It can be seen that if we had assumed that the tissue types were independent of each other, the equation above reduces to the finite normal mixture model – thus highlighting the key difference between the HMRF model and the FM model. The parameters for an FM model can be learned through a standard EM approach, which we shall compare.

Tissue Classification using Iterated Conditional Modes

Class labels \(\mathbf{x}\) will be estimated via the maximum a-posteriori criterion. That is, \[ \begin{aligned} \hat{\mathbf{x}} &= \text{arg}\max_{\mathbf{x}} \{P(\mathbf{y} \, | \, \mathbf{x})P(\mathbf{x}) \} \\ &= \text{arg}\max_{\mathbf{x}} \bigg\{\prod_{i=1}^N\mathcal{N}(y_i \, ; \, \mu_s, \sigma_s) \, \big[e^{-E(\mathbf{x})} \big] \bigg\} \\ &= \text{arg}\min_{\mathbf{x}}\bigg\{\sum_{i=1}^N\bigg[\frac{(y_i-\mu_{x_i})^2}{2\sigma^2_{x_i}} + log \, \sigma_{x_i} \bigg] + \sum_{c\in\mathcal{C}}\Psi_c(\mathbf{x})\bigg\} \end{aligned} \] Multiple authors have suggested using the iterated condition modes (ICM) algorithm, which takes turns maximizing the probability of each parameter conditioned on the others. It has the advantage of fast convergence (only requiring a few iterations), but can get trapped at local maxima (or minima in this case).
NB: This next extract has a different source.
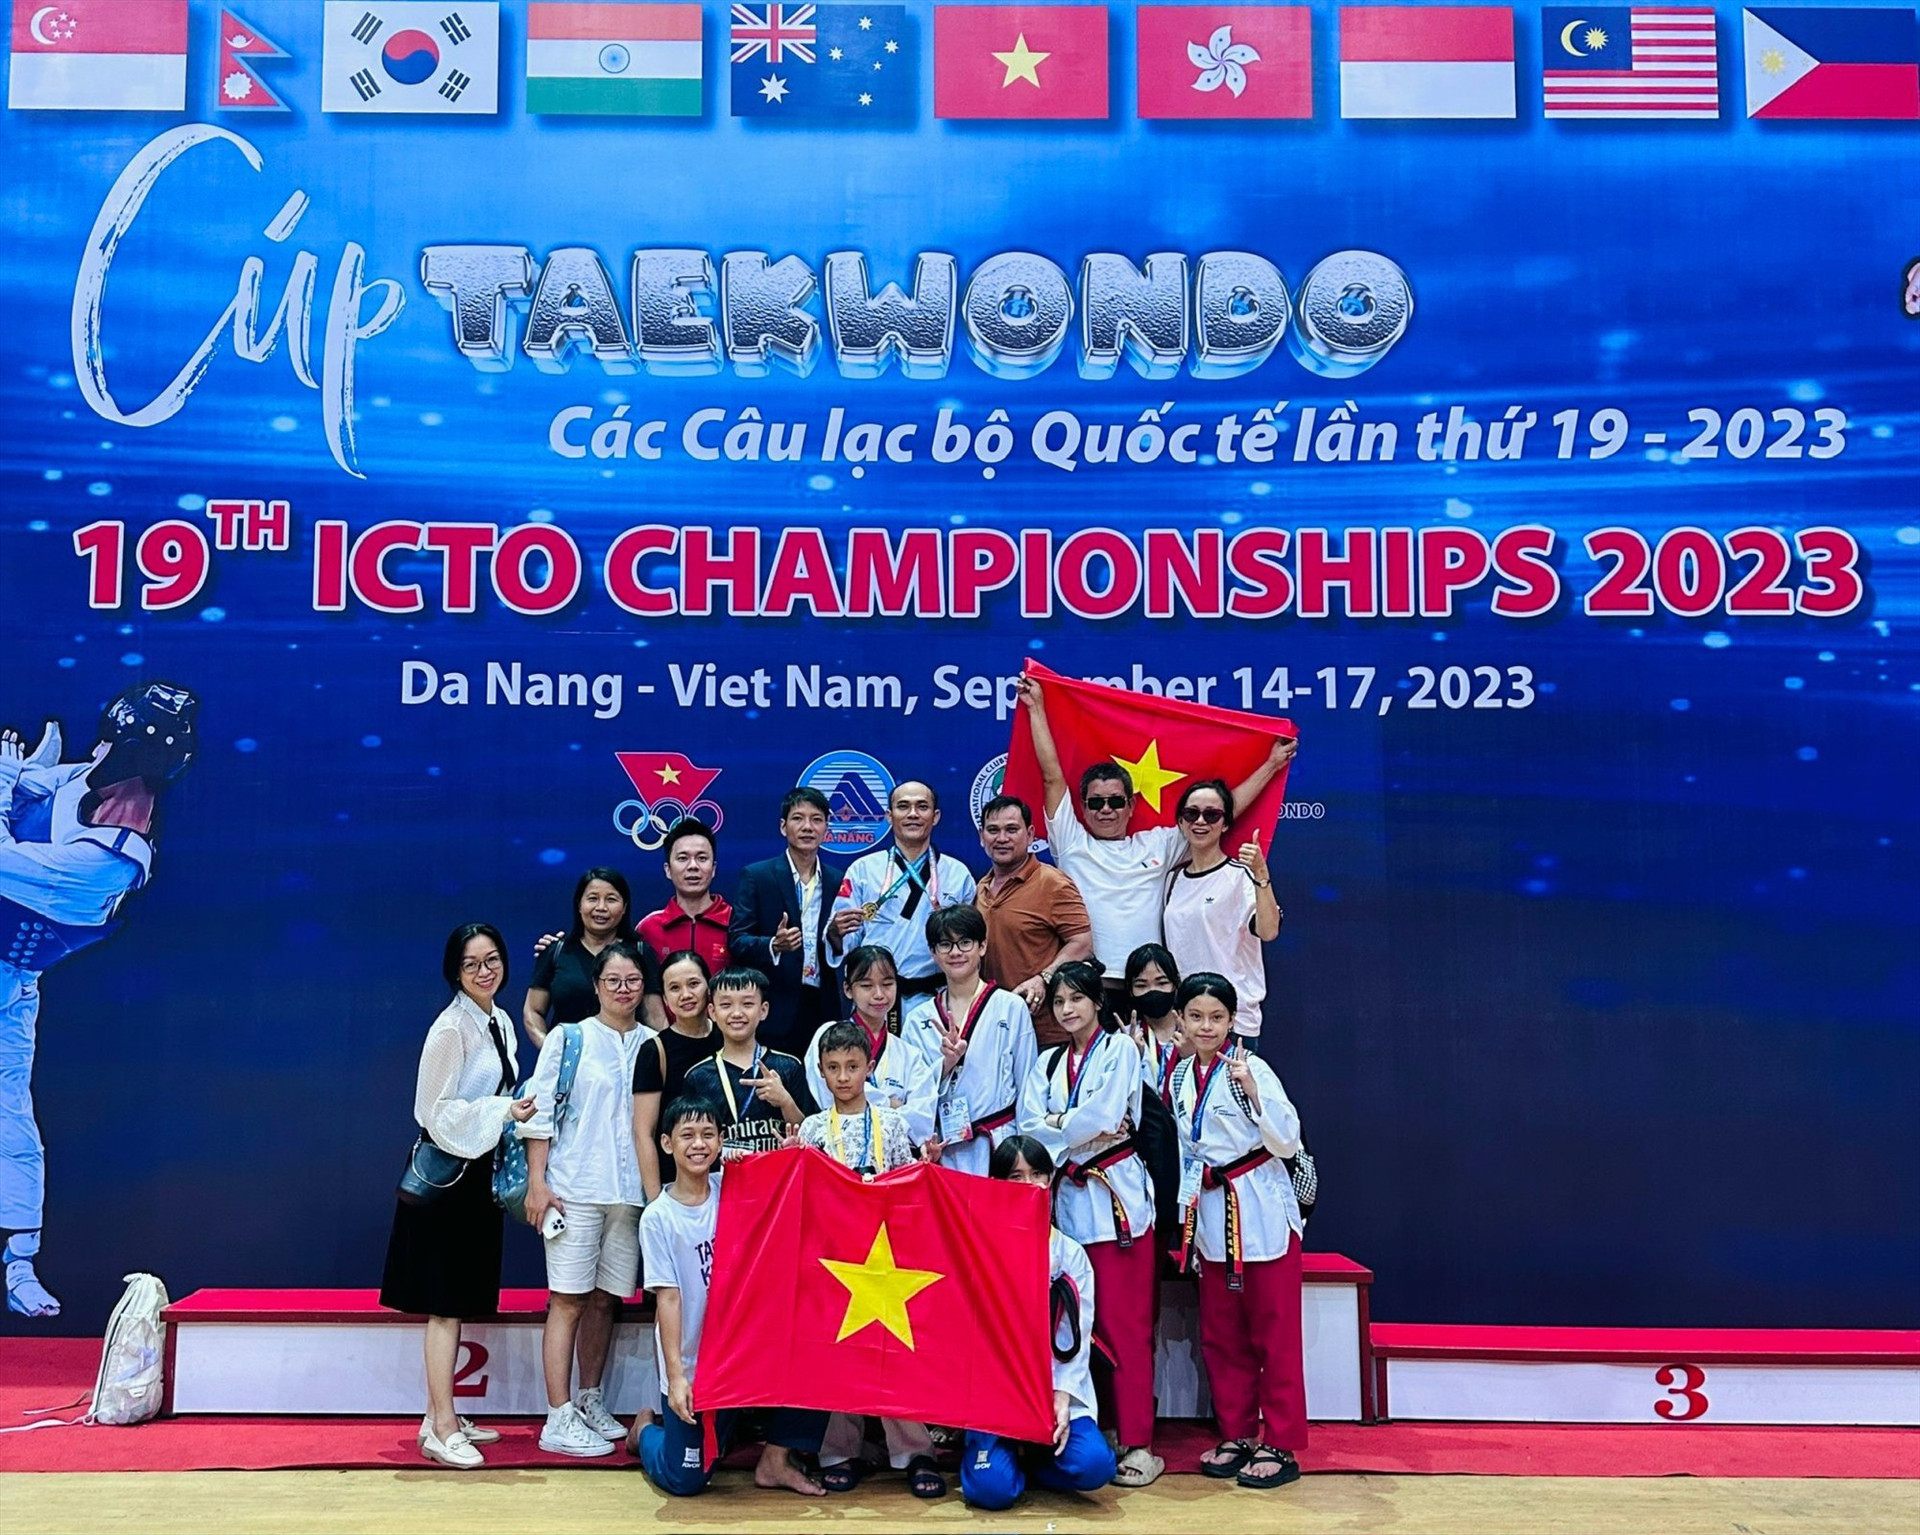 Đoàn vận động viên, huấn luyện viên CLB Hoàng Dũng tại giải cúp Taekwondo các CLB quốc tế lần thứ 19. Ảnh: T.Dũng
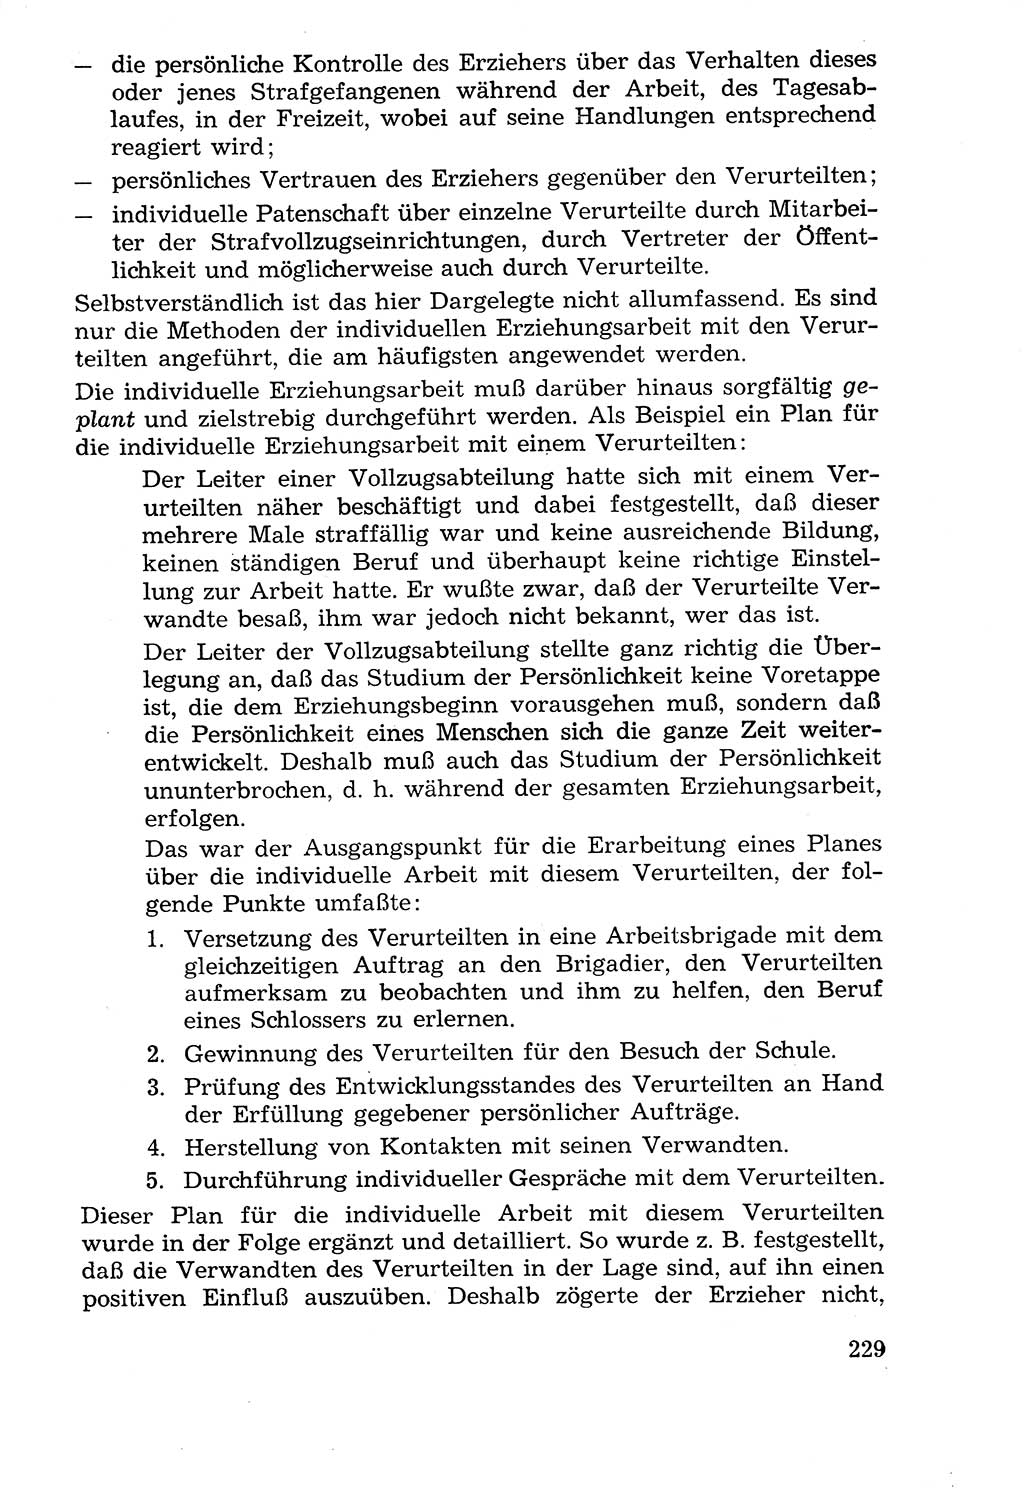 Lehrbuch der Strafvollzugspädagogik [Deutsche Demokratische Republik (DDR)] 1969, Seite 229 (Lb. SV-Pd. DDR 1969, S. 229)

Incorperating Partial Volume Effect

When considering the MRF model \(p(\mathbf{x})\) we may decide to include the realistic assumption that not all voxels are homogenous. It is possible that multiple tissue classes occupy the same voxel; this issue is known as the partial volume effect. Suppose we introduce extra classes CSF/GM with \(\mu_{CSF/GM}=\frac{1}{2}(\mu_{CSF} + \mu_{GM})\), \(\sigma^2_{CSF/GM}=\frac{1}{2}(\sigma^2_{CSF} + \sigma^2_{GM})\) and GM/WM with parameters defined similairly. The partial volume HMRF-EM model can be used with mritc.pvhmrfem(...) from the mritc package.
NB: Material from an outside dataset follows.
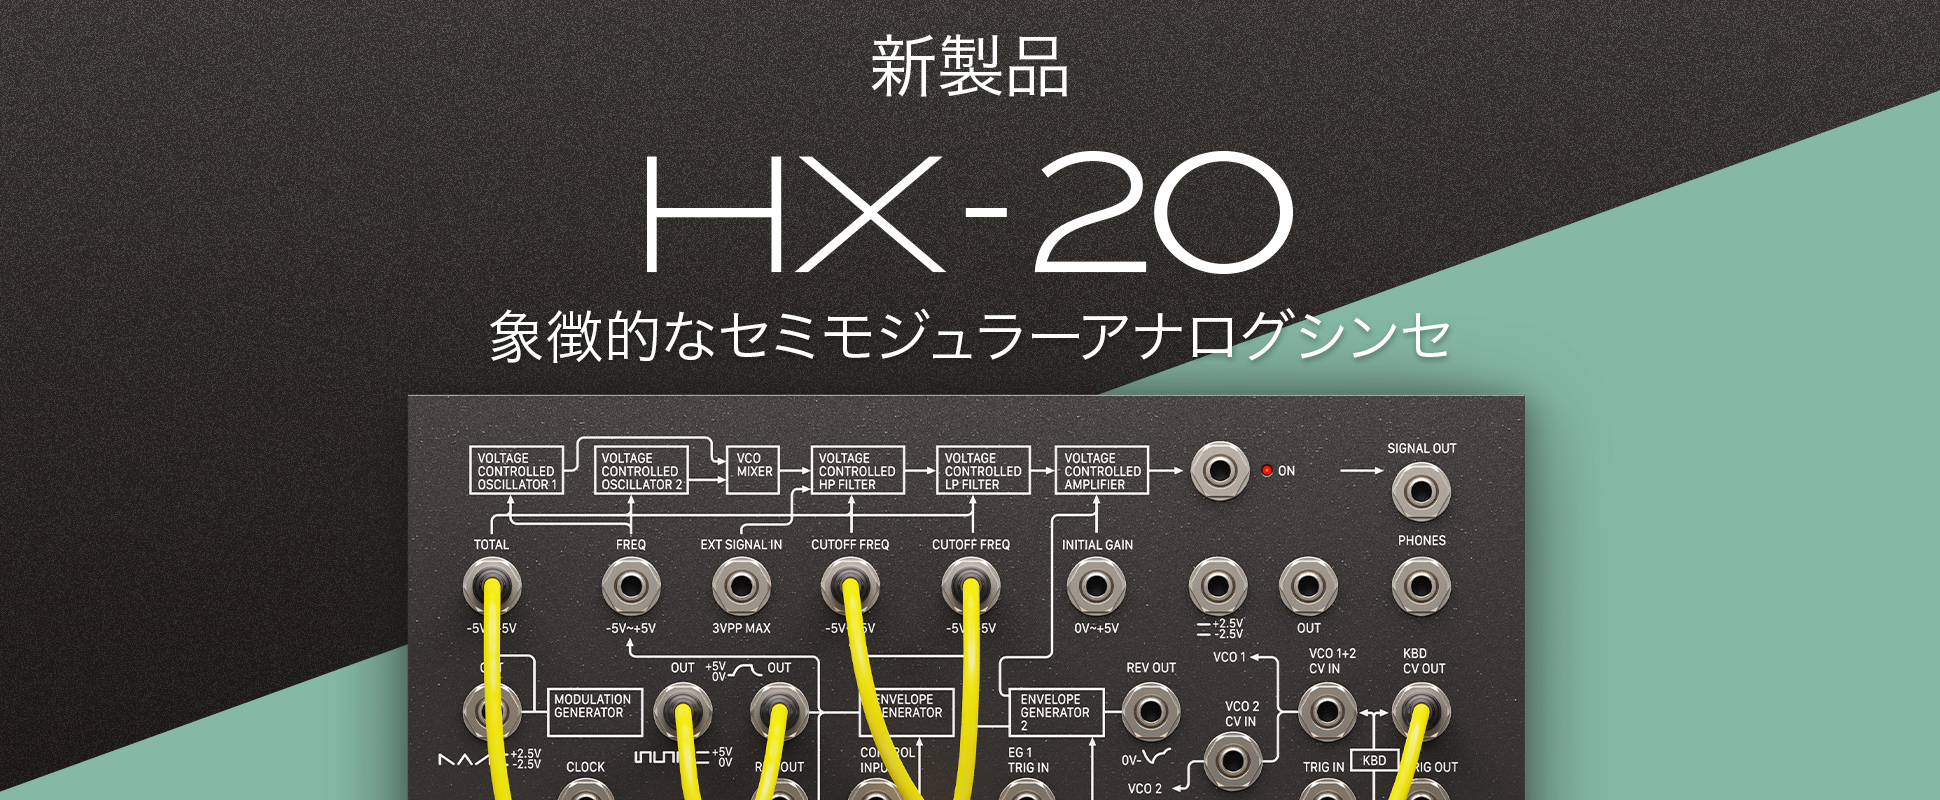 New - HX20

Segmentation with Bias Field Correction

An MRI machine generates a magnetic field in order to cause hydrogen atoms within the brain to emit a radio frequency. These desired frequencies can be corrupted by another low frequency artifact known as a bias field. It is generally considered to be noise caused by equipment – thus scans produced by older machines are more suspect. An automatic correction is available through mritc.hmrf with bias = TRUE.

  1. Expectation Step
  1. Maximization Step

Source for figure on the right: A New Multistage Medical Segmentation Method Based on Superpixel and Fuzzy Clustering

Experiments

In the following implementations we adopt the pure voxel assumption. That is, we do not consider the partial volume effect. This is because we only have data containing the true labels for three classes, and therefore cannot produce a confusion table assuming the extra two combination classes discussed earlier.
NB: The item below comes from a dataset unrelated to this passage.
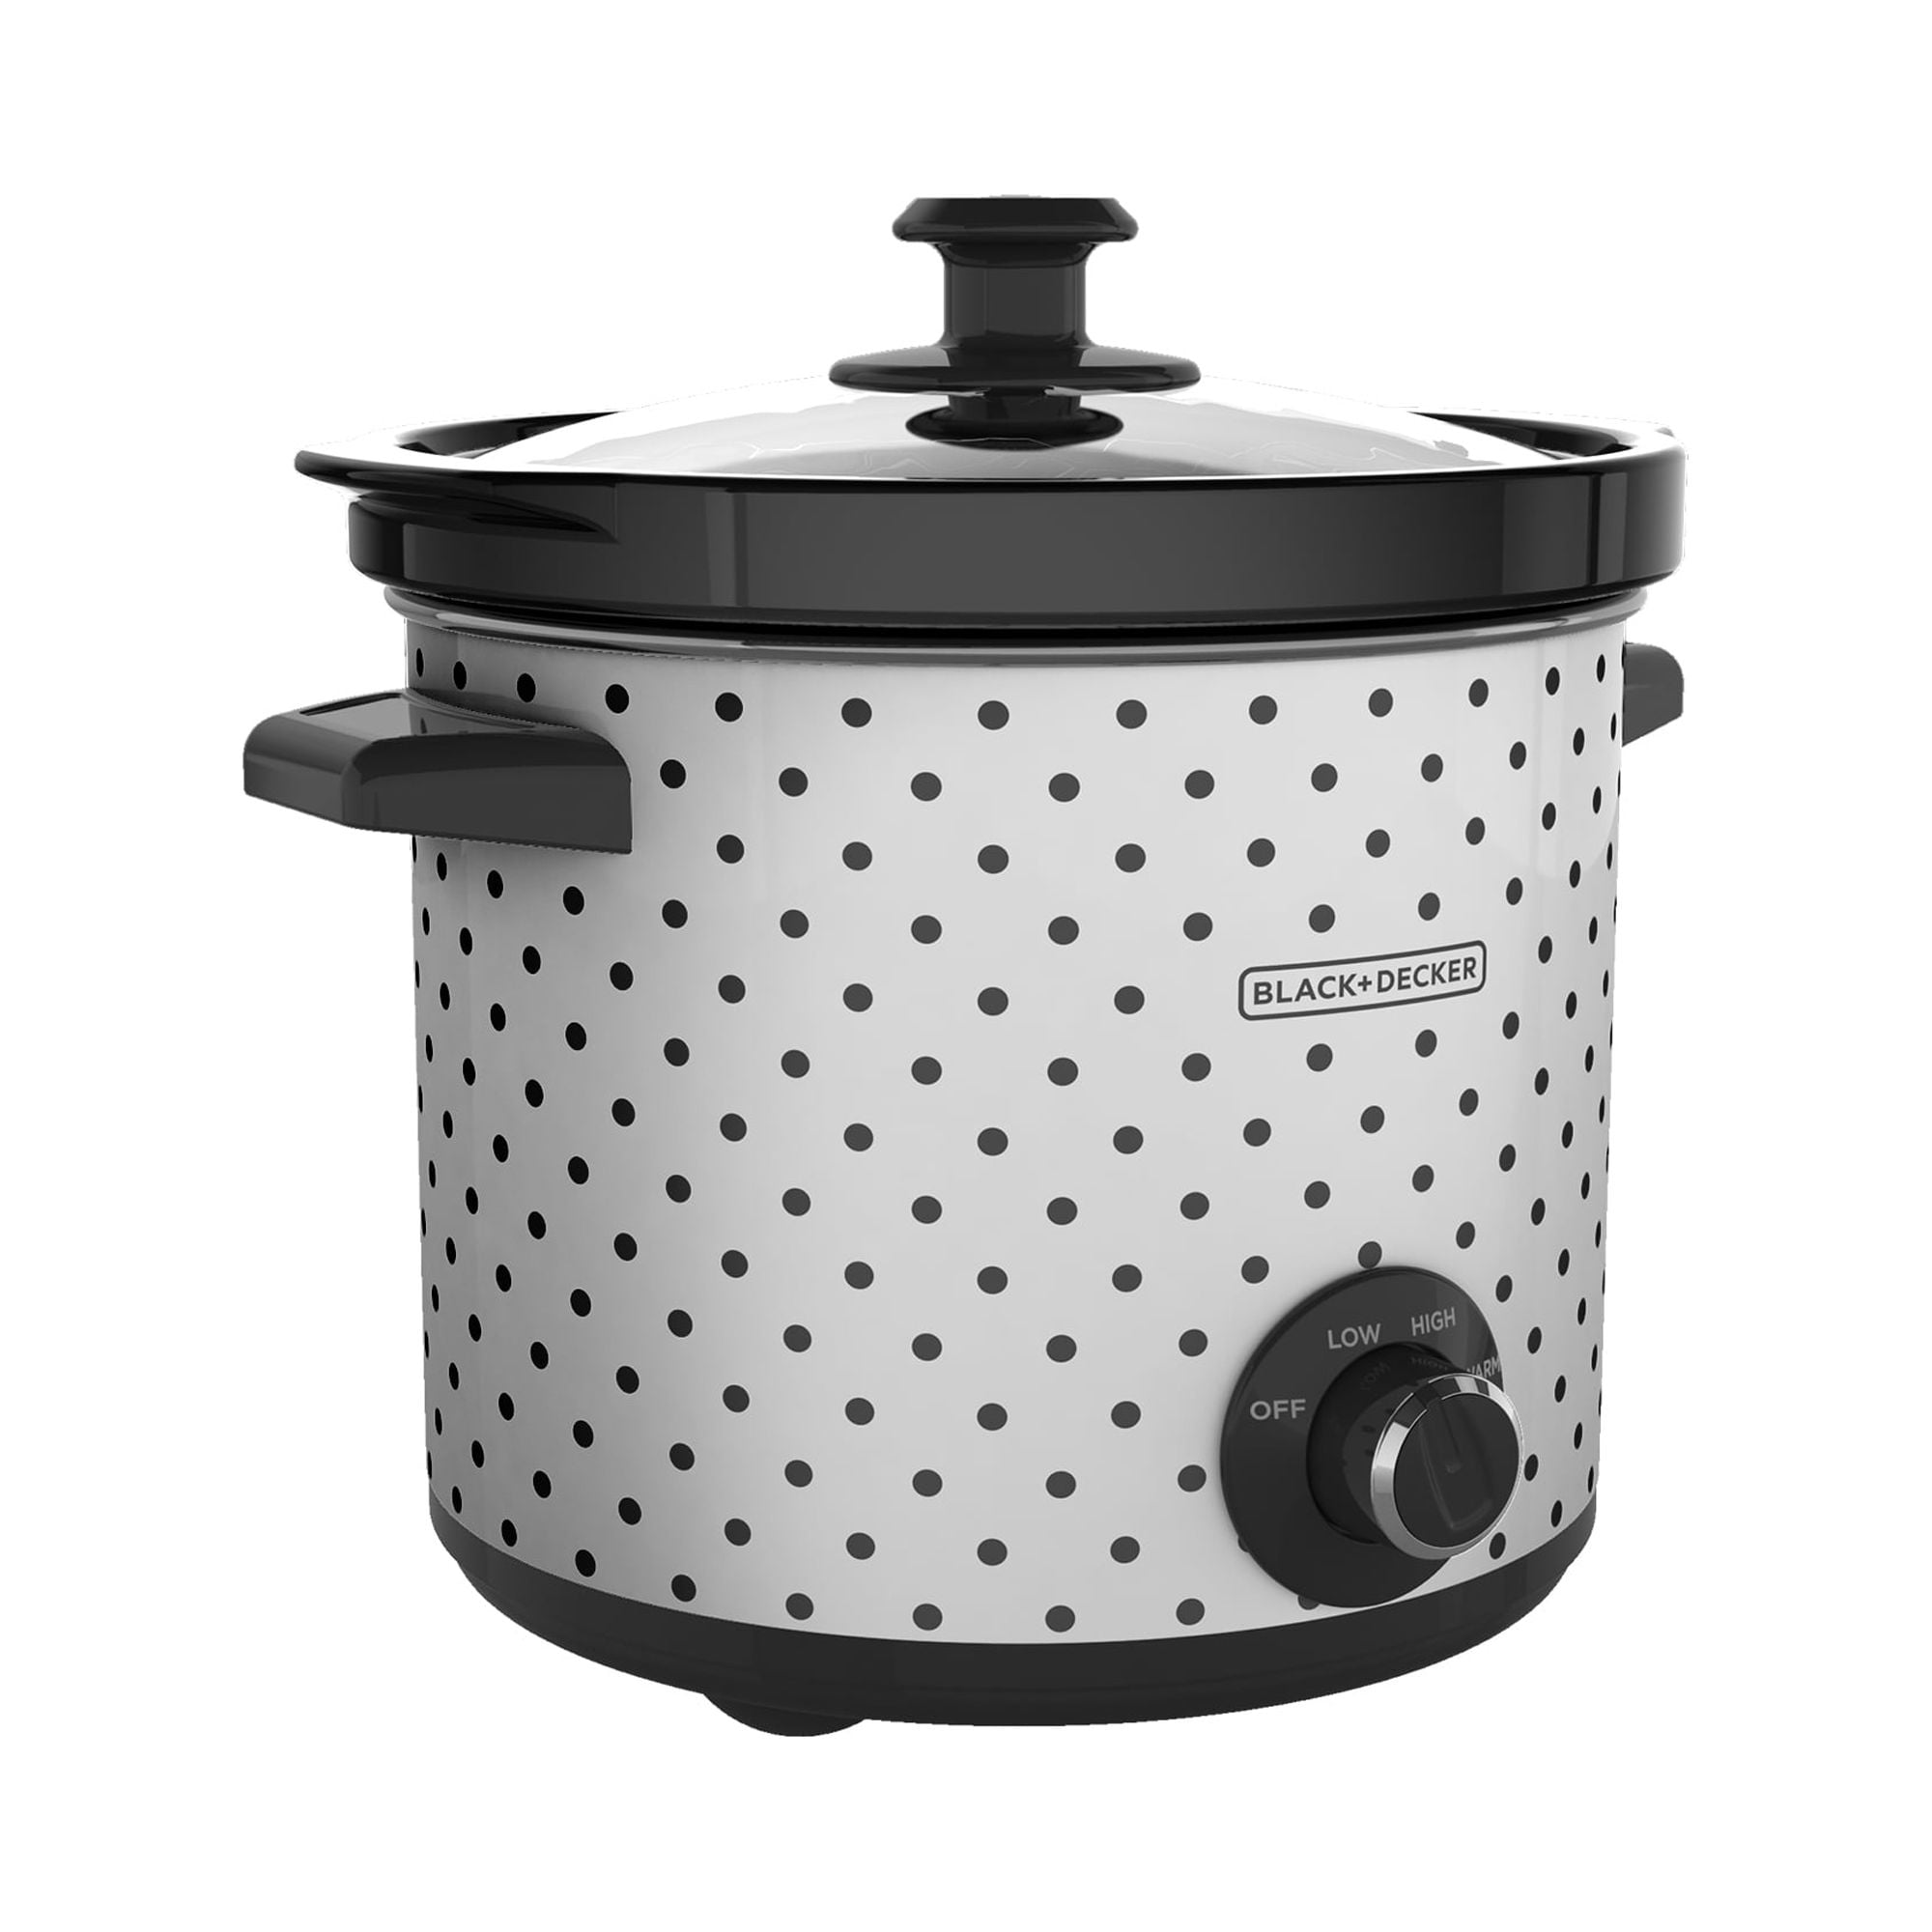 Crockpot 4-Quart Classic Slow Cooker, Temperature Control, Black, by  Technicstreet Store, Nov, 2023

Initializing Parameters with Otsu’s Method

Both the EM (for model parameters) and ICM (for label estiamtion) algorithms are not guaranteed to converge globally. Thus, the choice of initial conditions can determine the success of the segmentation.

Otsu’s method of global thresholding can be used to determine estimates of the means and variances for each class from the grayscale histogram. For example, beginning with CSF, the algorithm assumes that two classes exist (CSF and everything else). There are 250 bins of the normalized histogram \(h(x)\), which will be used to estimate the true density \(p(x)\). To find an optimal threshold \(T\), we must minimize the intra-class variance, i.e. \[ \text{arg}\min_T \, w_{0,T}\sigma_0^2 + w_{1,T}\sigma_1^2 \] where \(w_{0,T}\), \(w_{1,T}\) are the class probabilities, and \(\sigma_0^2\), \(\sigma_1^2\) are the class variances. Upon convergence we will have an estimate of the mean and variance for the voxel intensities corresponding to CSF. The process is repeated for the other two tissue types.

y <- T1[mask==1]
initial <- initOtsu(y, 2)
prop <- initial$prop
mu <- initial$mu
sigma <- initial$sigma

The estimates for initial parameters can be fit to the distribution of signal intensities as shown above. By inspection they appear to be quite reasonable.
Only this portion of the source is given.